The move has further polarized an already charged political atmosphere. BJP leaders have ridiculed Gandhi’s campaign, accusing him of “undermining public trust” and “weaponizing baseless data.” Union Minister Anurag Thakur called the move a “drama” aimed at deflecting attention from Congress’s electoral setbacks.

But Gandhi has doubled down. “Give us some time,” he said at a rally, “and we will expose this theft in every constituency — in every Assembly, every Lok Sabha seat.”

Legal experts are divided on the implications. Former Chief Election Commissioner S.Y. Quraishi said the Commission “must address these allegations head-on” while maintaining transparency. However, others note that unless the affidavit is filed and proven in court or Parliament, Gandhi’s claims will remain political rather than judicial in nature.

Beyond the legalities, the issue strikes at the heart of voter confidence. Civil society groups, including the Association for Democratic Reforms (ADR), have called for a third-party audit of the electoral rolls in contentious constituencies, warning that unchecked mistrust could erode the foundations of India’s democracy.

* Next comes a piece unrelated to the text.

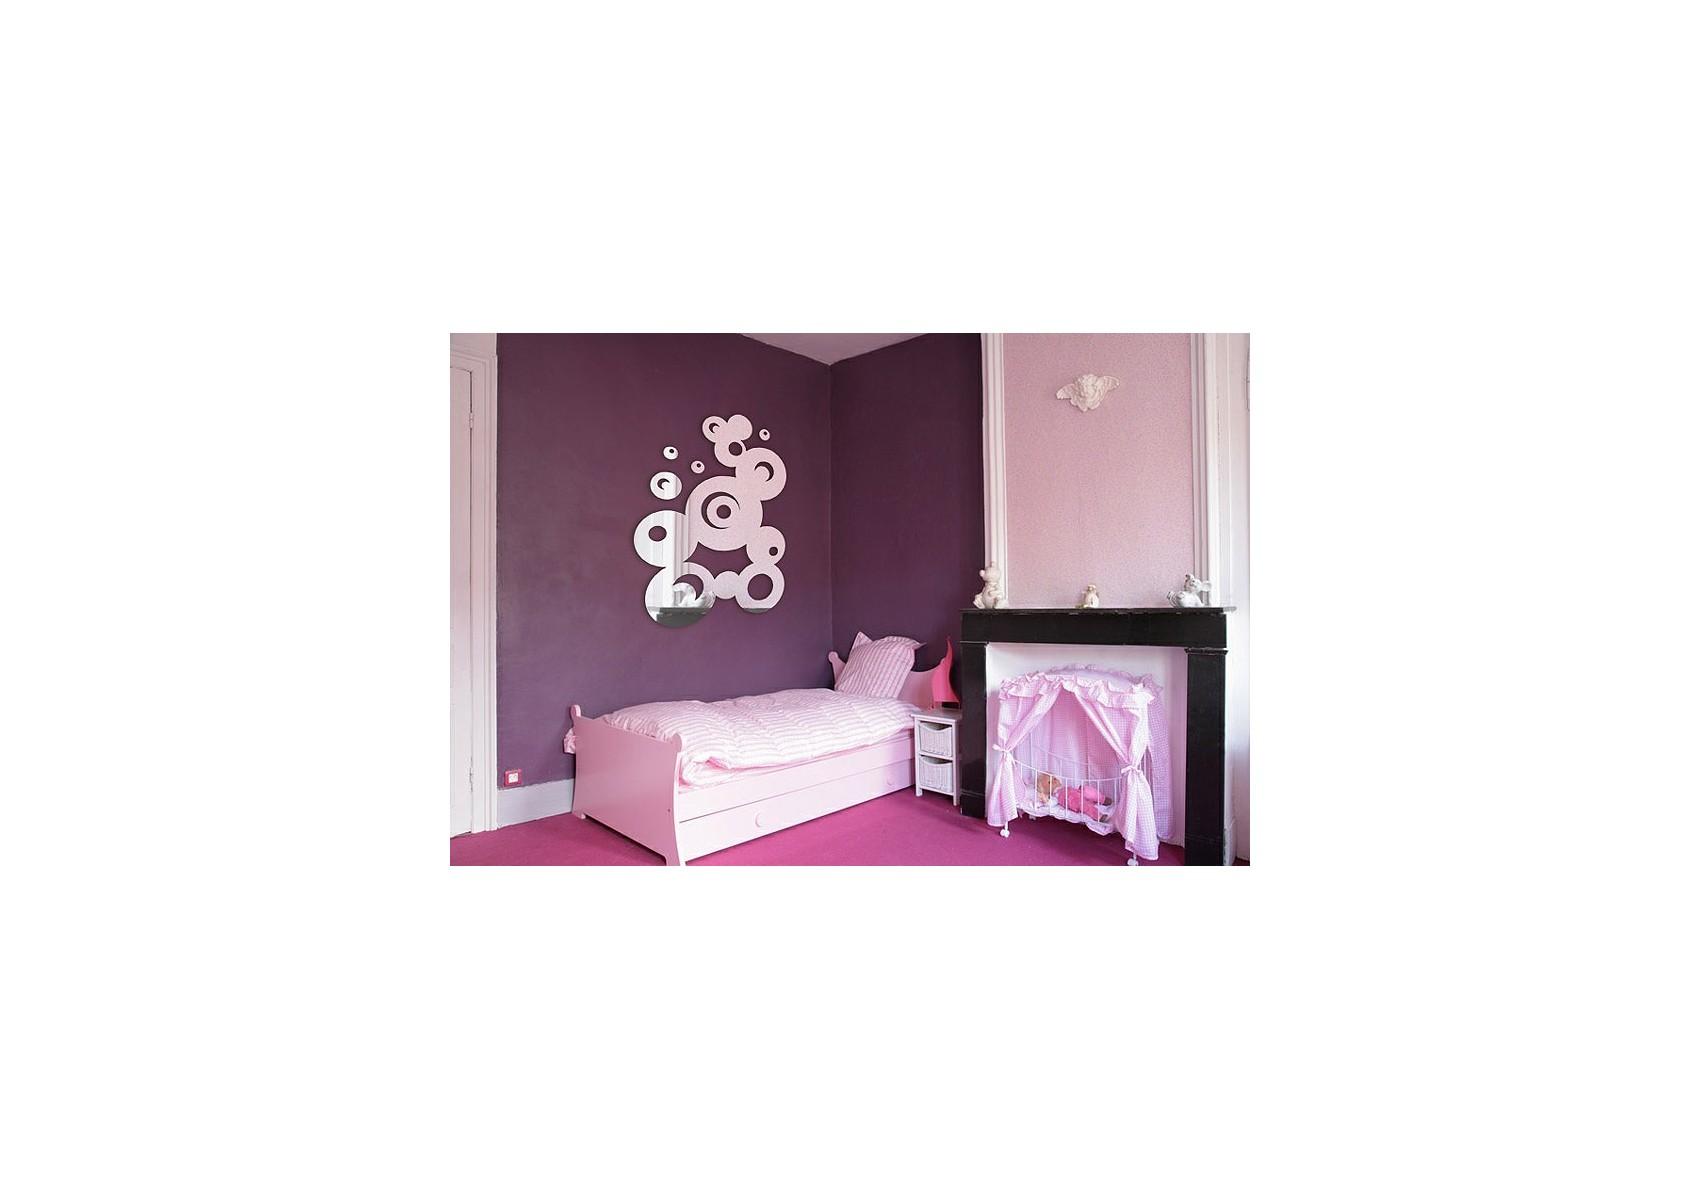 miroir d co bulles fresque ronde avec d tails en acrylique. Black Bedroom Furniture Sets. Home Design Ideas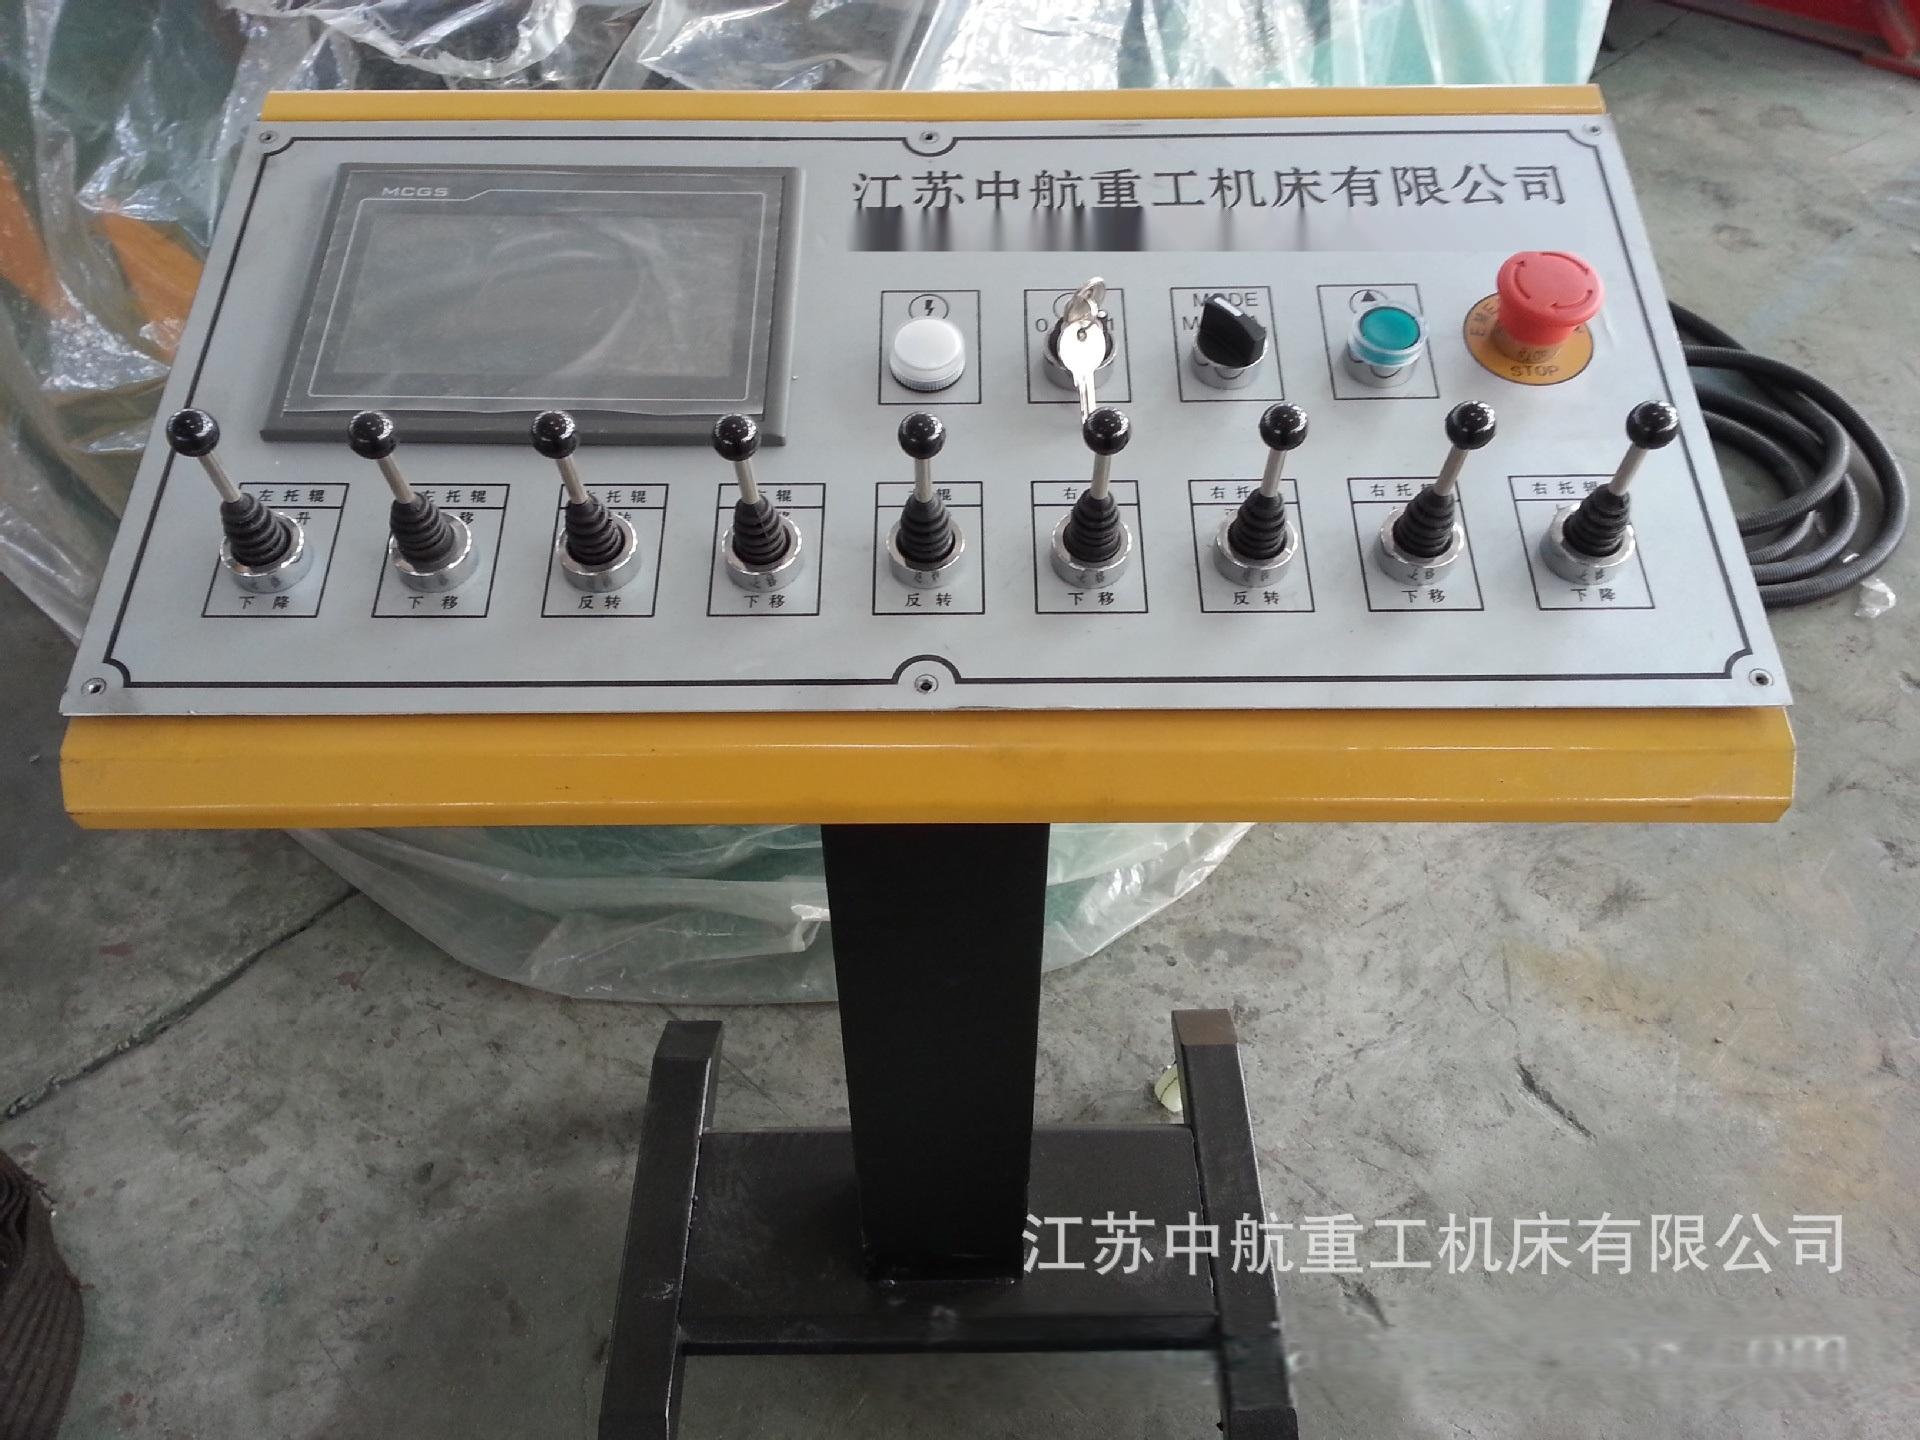 電器控制箱、PLC觸摸屏

Meanwhile, public interest in the controversy is growing. Videos of elderly voters in Bihar speaking about their names being removed — despite voting in earlier elections — have gone viral on social media, fueling public debate. One such voter, Sukhdev Paswan, 67, said, “I have voted all my life. Now my name is gone. No one asked me anything.”

As the seven-day deadline for Gandhi to respond to the ECI approaches, political analysts say the Congress may use the opportunity to further showcase its claims and prolong the confrontation. Whether this pressure will force the Commission to respond more transparently remains to be seen.

What’s clear, however, is that the INDIA bloc has succeeded in placing electoral integrity back into the national spotlight — and in forcing the Election Commission, long seen as neutral, into the center of a heated political storm.